DATASET EXCERPTS:
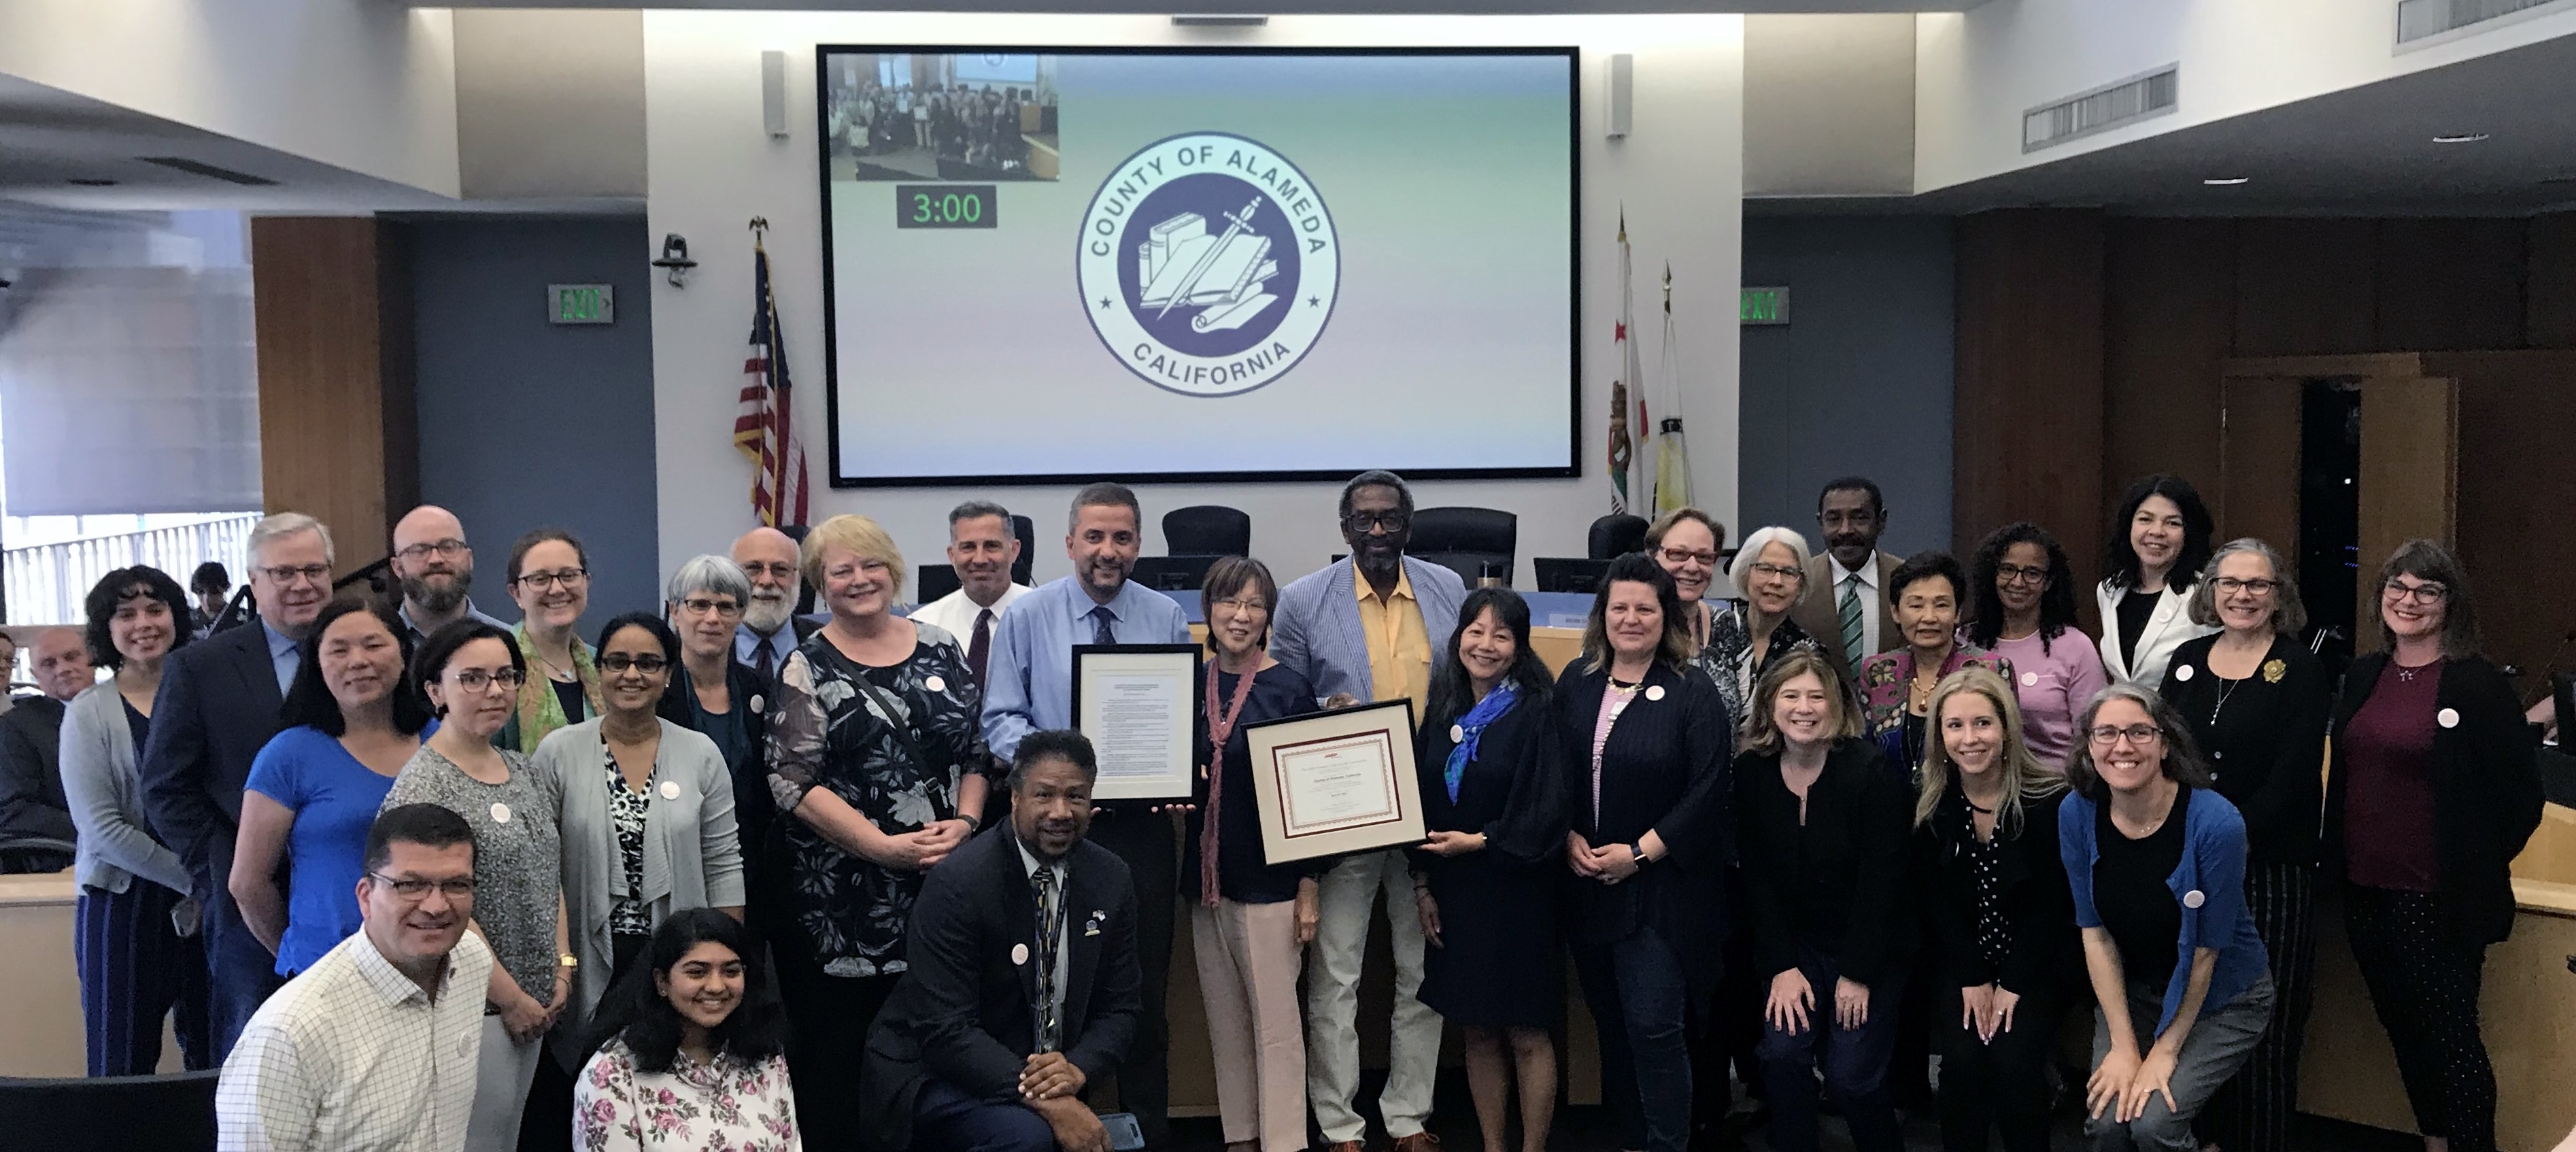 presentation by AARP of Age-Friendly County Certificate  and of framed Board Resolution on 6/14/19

* * *

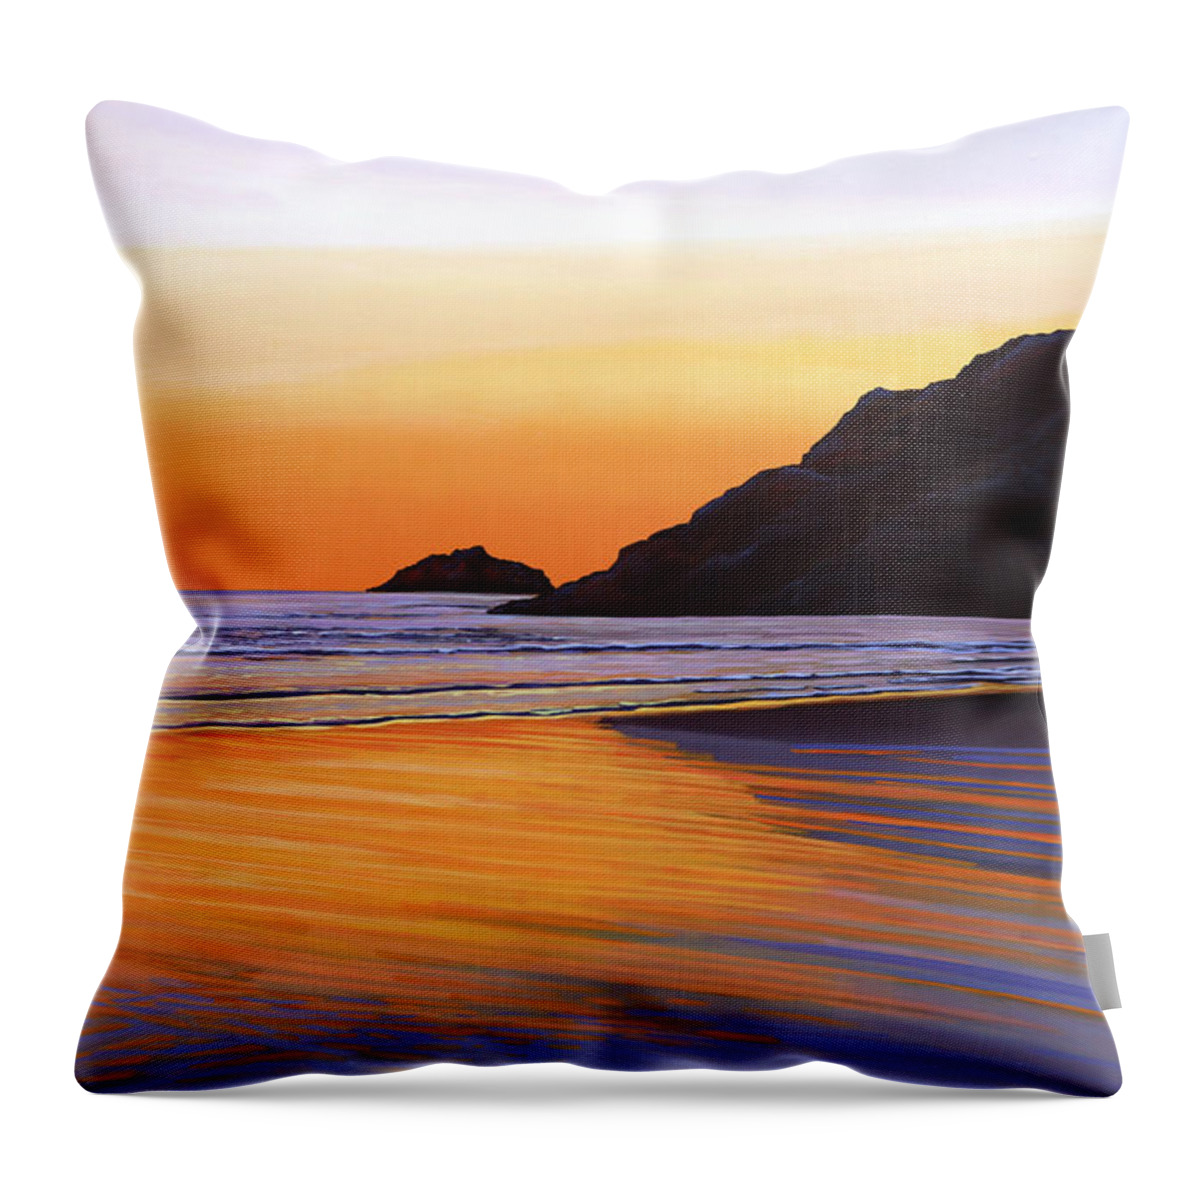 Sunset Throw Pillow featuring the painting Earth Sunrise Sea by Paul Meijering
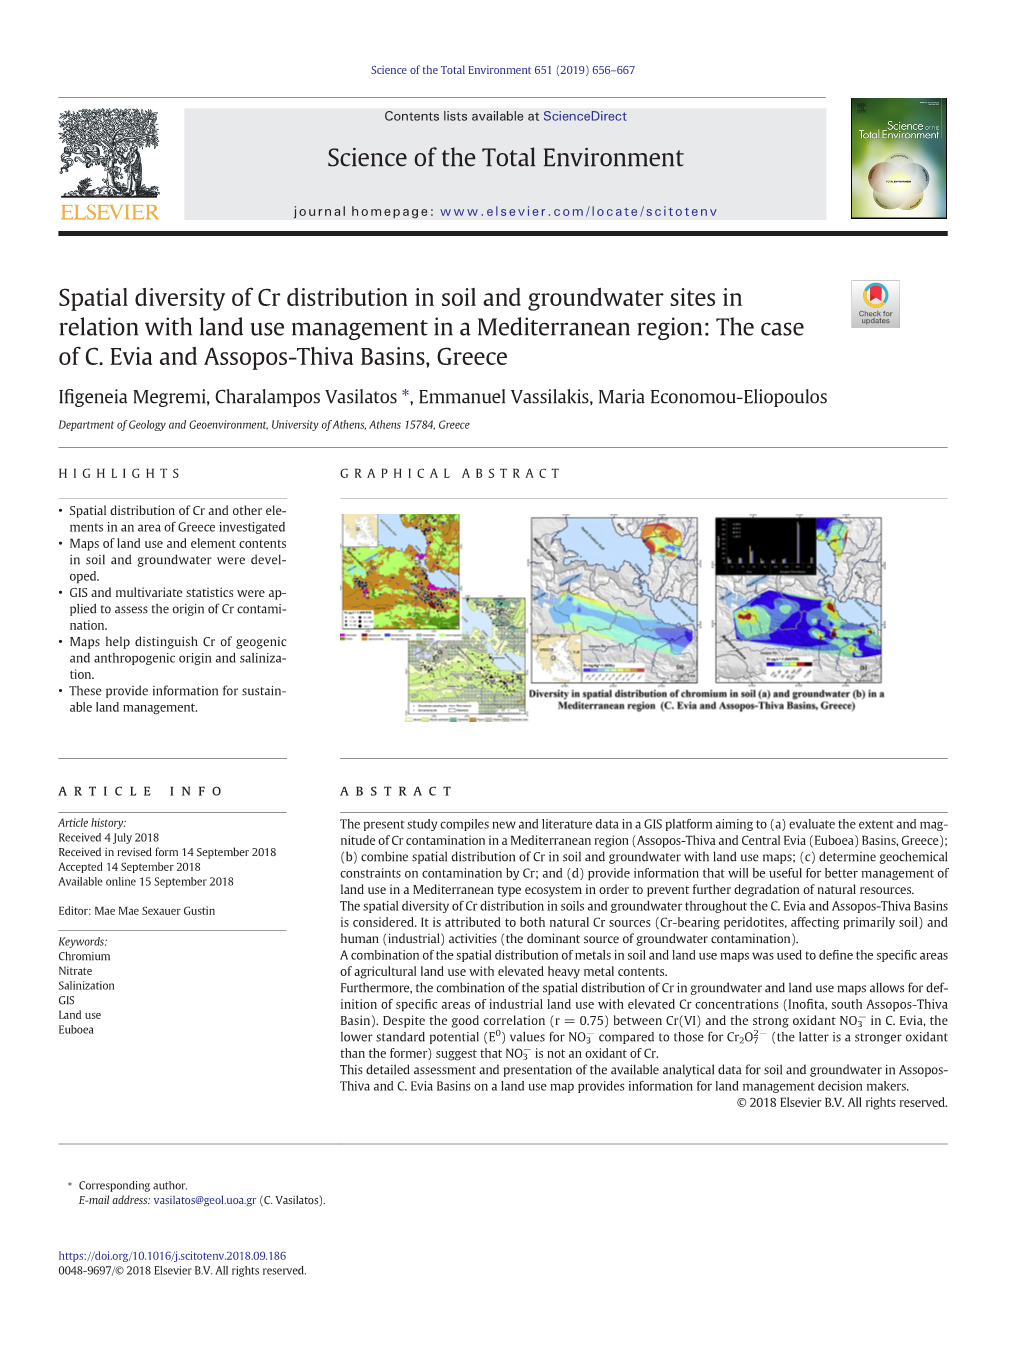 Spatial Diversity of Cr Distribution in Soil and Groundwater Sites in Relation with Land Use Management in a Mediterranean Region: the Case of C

ABOUT THIS EXERCISE:
Exactly as written above, retype the lines starting at the one holding "Sunset Throw Pillow" and ending at the one holding "Spatial Diversity of", both included, but not the pictures.

ANSWER TO THE PROBLEM:
 Sunset Throw Pillow featuring the painting Earth Sunrise Sea by Paul Meijering
 Spatial Diversity of Cr Distribution in Soil and Groundwater Sites in Relation with Land Use Management in a Mediterranean Region: the Case of C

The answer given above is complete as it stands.